Remember that you don't get any points for almost landing safely. Don't let others' boasts about their crosswind landing skills keep you from choosing a runway more in line with the wind - even if it's at another airport. Instead of pushing your luck, get with your instructor to hone those crosswind skills.
Remember that flying is supposed to be fun. If you aren't comfortable flying in wind, turbulence, or snow, don't do it. Enlist the services of your flight instructor to stretch your comfort envelope.
Make every flight predictable. Predictability is a result of good flight planning. That doesn't mean things can't go wrong.

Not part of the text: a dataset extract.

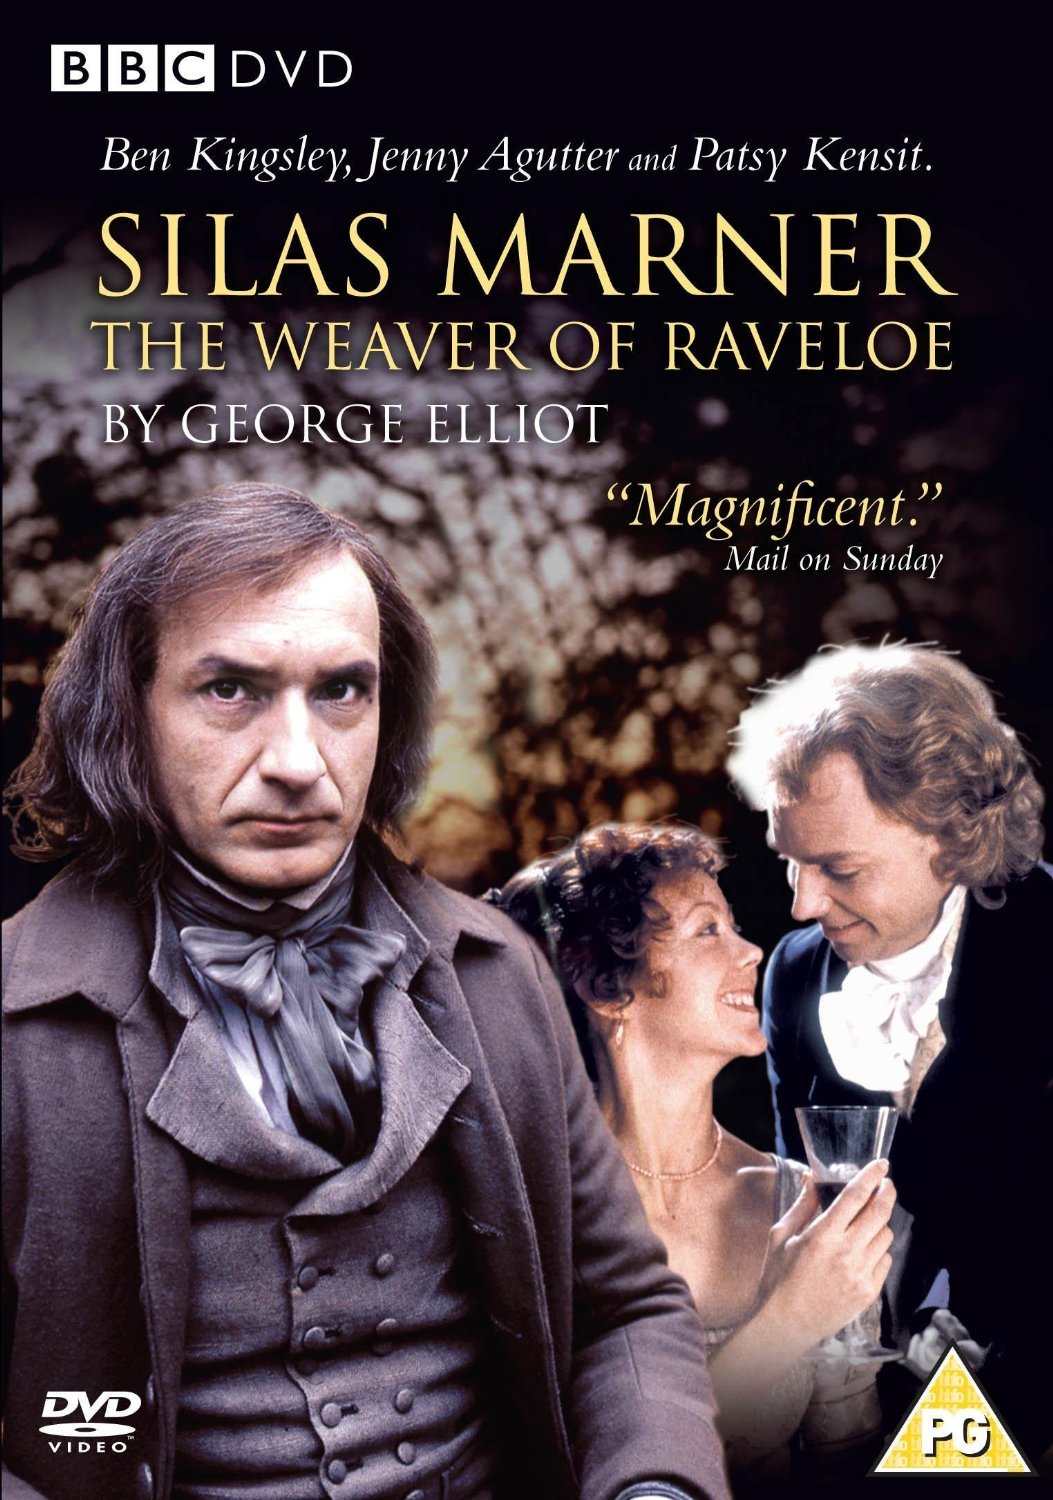 silas marner (1985)dvdplanetstorepk
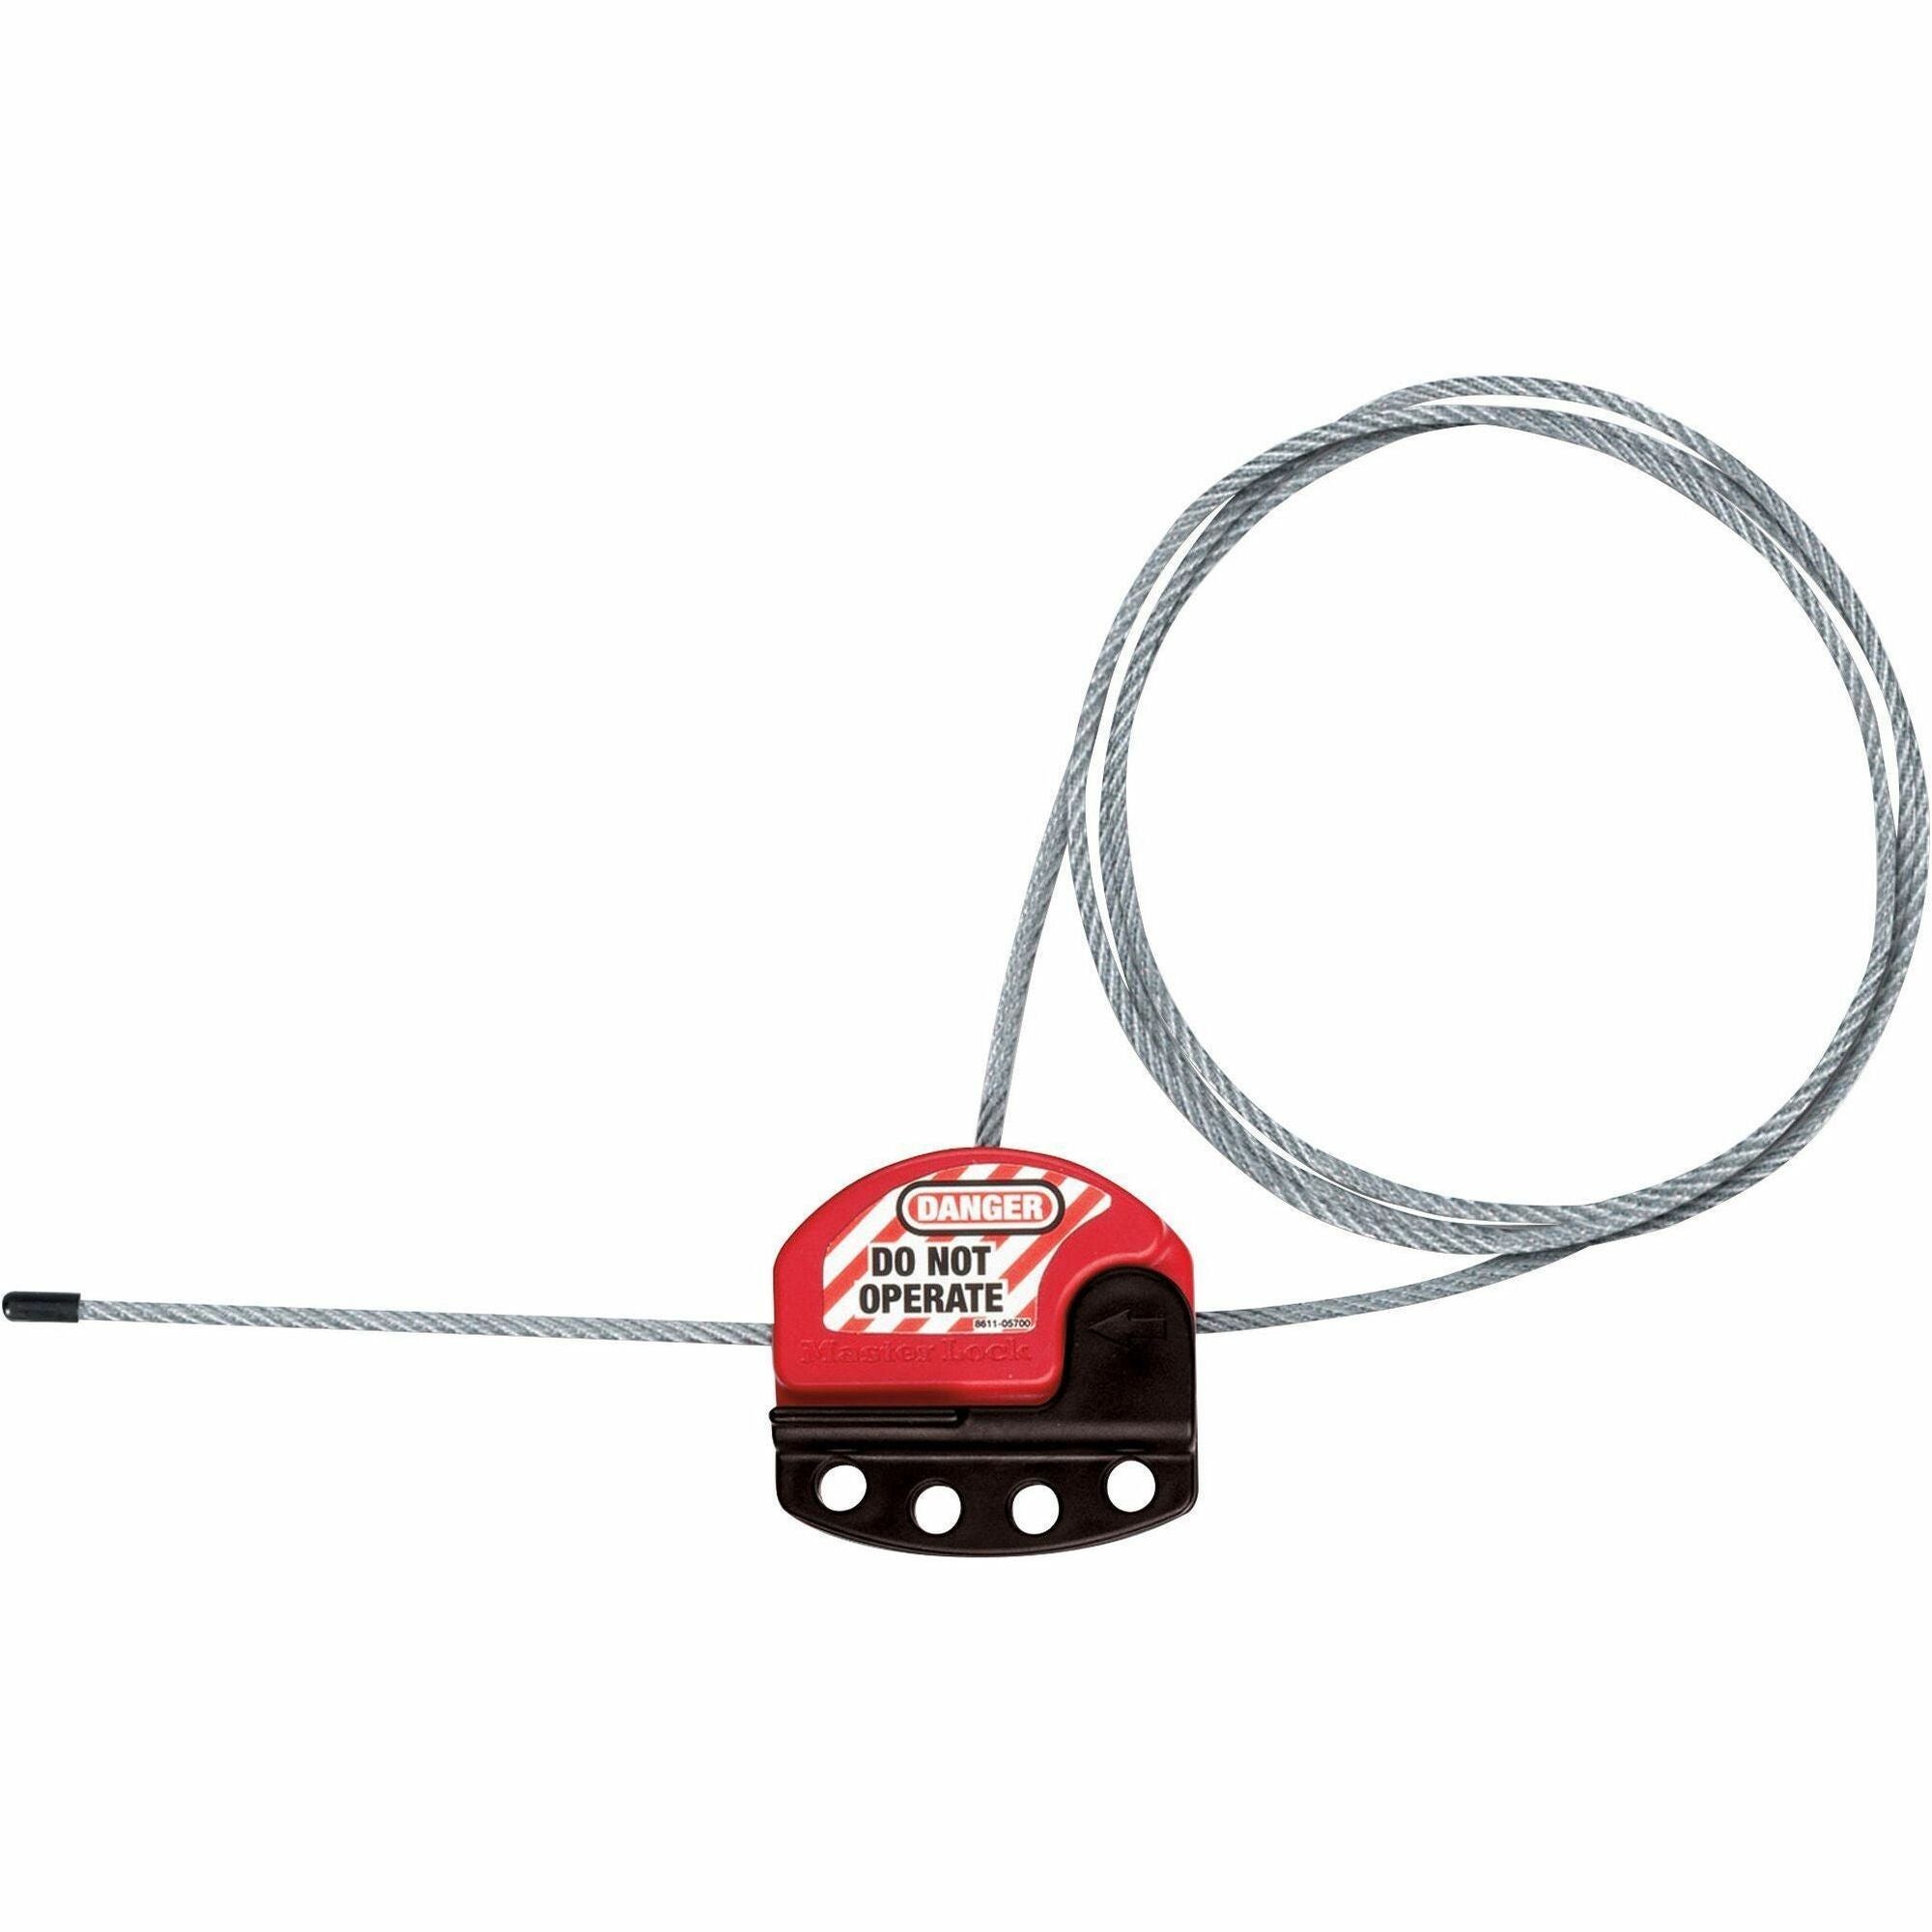 Master Lock Adjustable Cable Lockout - Black, Red - Plastic - 6 ft -

But good planning does reduce the risk of DPE (dumb pilot error).
Know your limitations and stay within them. Set personal minimums and use them. You can expand the boundaries as you gain experience.
Always leave yourself a way out. When you plan a cross-country flight, know where the weather is good and how long it's supposed to stay that way. If you're planning to fly IFR, be sure to ask the briefer, "Where's the closest VFR weather?"
Hold onto your convictions. Be ready to take the escape route, no matter how inconvenient it may be. The cost for failing to do so could be your life.
Years have passed since I made that trip to Albany, and in retrospect I am firmly convinced that my decision to divert, to use the safety net, was the right one. Had we tried to push on, we might have ended up as three more victims of a dumb pilot error.